From a storage perspective, I either use NFS (for persistent storage) or the local SSD (for more transient storage). Instead of creating a whole load of mount points on my Synology, I’m making use of the subPath property of my volumeMounts. I’m aware there are issues with using NFS around the number of connections created, but this is mitigated by the size of my cluster and the small number of persistent apps that are running.

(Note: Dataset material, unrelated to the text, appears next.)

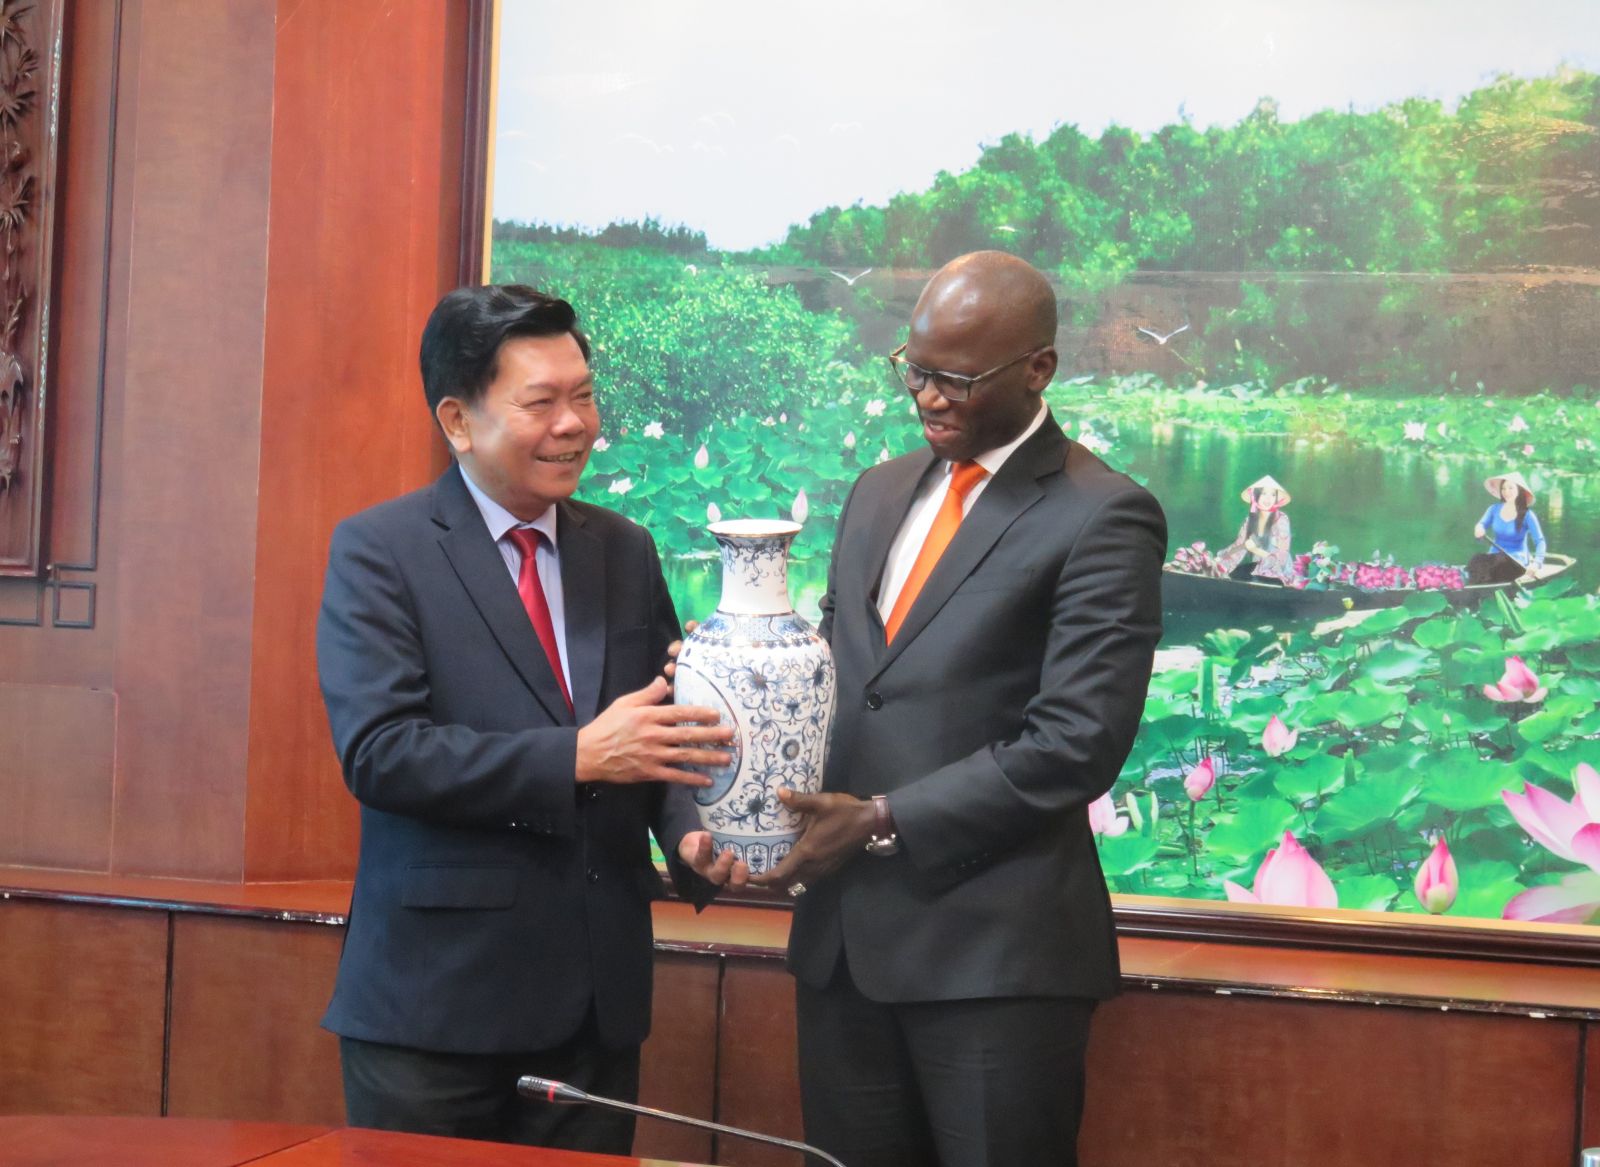 Chairman of Long An Provincial People's Committee - Tran Van Can presents gifts to Country Director, World Bank in Vietnam - Mr. Ousmane Dione

e.g. below I have a single NFS PersistentVolume that is mounting three different subPath in the container…hmm I should switch the transcode to local SSD…

 1
 2
 3
 4
 5
 6
 7
 8
 9
10
11
12
13
14
15
16
17
18
19
20
21
22
23
24
25
26
27
28
29
30
31
32
33
34
35
apiVersion: v1
kind: PersistentVolume
metadata:
  name: plex-system-pvc
  namespace: plex
  labels:
    app.kubernetes.io/name: plex-media-server
    app.kubernetes.io/instance: definit-plex
spec:
  capacity:
    storage: 100Gi
  accessModes:
    - ReadWriteMany
  persistentVolumeReclaimPolicy: Retain
  nfs:
    server: 192.168.4.10 
    path: /volume1/kubernetes

---
<snip>
          volumeMounts:
            - name: system
              mountPath: /config
              subPath: plex/config
            - name: system
              mountPath: /transcode
              subPath: plex/transcode
            - name: system
              mountPath: /shared
              subPath: plex/shared
      volumes:
        - name: system
          persistentVolumeClaim:
            claimName: "plex-system-pvc"
</snip>

So - that’s a summary, more or less, of my current configuration and a little bit of how I got here. I hope you’ve found it interesting, and I’d love to hear a bit more about your setup!